I could watch every scene carefully, appreciate the nuances of the performances, the majesty of the sets and costumes, the rhythm of the editing.
What I still could not appreciate was what these filmmakers did to my beloved novel. They butchered it. They made the egregious assumption that they knew better than J.K. Rowling how to craft the end to her fantastic story.
I know. I know. You've read this all before. But it strikes me harder and harder each time I watch that last film.
And the thing that started to seep into my anger as I watched that ridiculous last battle was a deep sadness.
For all their flaws, the first seven movies were enjoyable adaptations of the Harry Potter world. Though not always faithful to the source, they at least provided us with a vision of Rowling's world and characters brought to life.
And Daniel Radcliffe, Emma Watson and Rupert Grint have come to inhabit our conceptions of the Hero Trio, no matter how we've tried to fight it.
So my sadness, I think, comes from the fact that this abomination of an eighth film cannot be made again. It will not be made again. We will never have the chance to see all of these actors inhabit these roles and do them well.
No one is going to go back any time soon and say, "Well, they messed that up pretty badly. Let's go back and do it right."
So I will never see some of the great scenes from the seventh book brought to life on the screen by these actors:
- I will never see Chris Rankin as Percy Weasley topple out into the Room of Requirement from the passage linking the Hogshead with Hogwarts, right into his gathered family to deliver his fumbling apology and be welcomed back into the brotherhood;
- I will never see Grint as Ron express his concern for the wellbeing of the Hogwarts House Elves as the battle is set to begin and, therefore, earn his first true embrace from Watson as Hermione;
- I will never hear Simon McBurney exclaim, as the form of Kreacher bursts from the Hogwarts kitchens to enter the fray, "Fight! Fight! Fight for my master..."

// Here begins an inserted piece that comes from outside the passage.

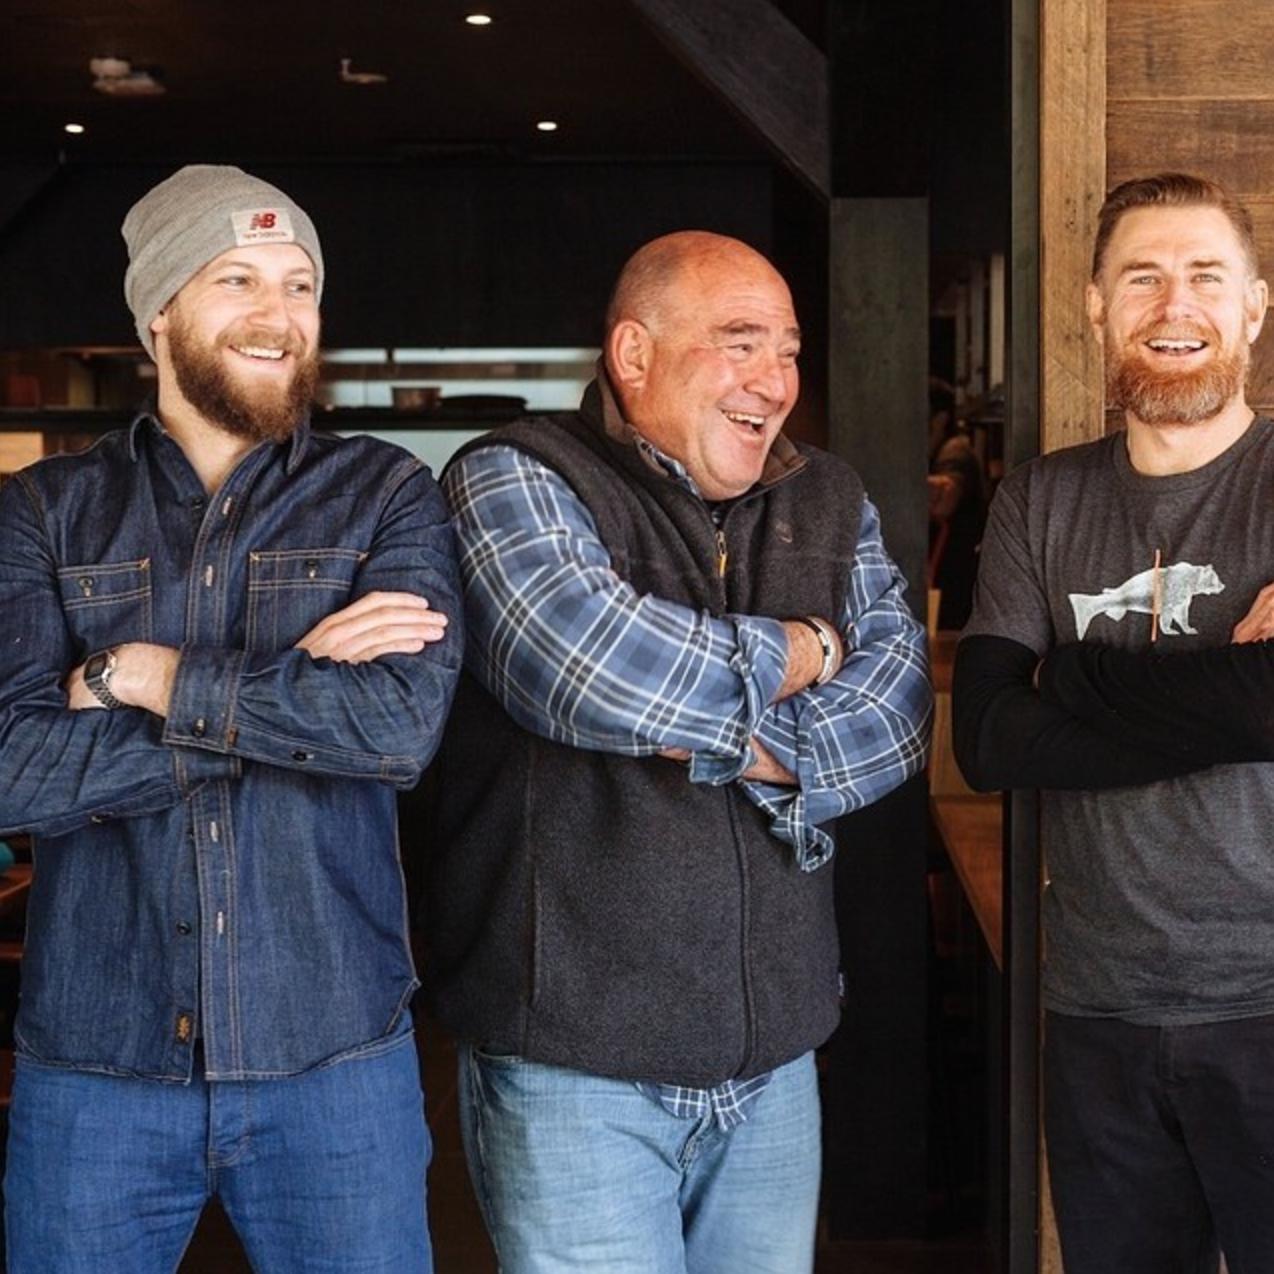 Joe, Joel and Mark from Salmon and Bear

- I will never see the tide in the battle turn when the Centaurs and the rest of the wizarding world enters the fight as Robbie Coltrane as Hagrid holds Harry's apparently dead body;
- I will never get the chance to watch and listen as Radcliffe (as Harry) and Ralph Fiennes (as Voldemort) circle each other carefully, with Harry explaining to his arch enemy (and the gathered crowd), why the Elder Wand will never properly work for Voldemort and how Snape had fooled him for so long; and, worst of all,
- I will never get the chance to see that final moment when Voldemort's curse rebounds on himself and, as Rowling writes, "Tom Riddle hit the floor with a mundane finality, his body feeble and shrunken, the white hands empty, the snake-like face vacant and unknowing."
I feel sadness because, in choosing their own ideas over J.K's, in substituting their sense of drama for hers, the filmmakers have wasted this one golden opportunity to do it right, to capture the beauty of Rowling's final novel on film.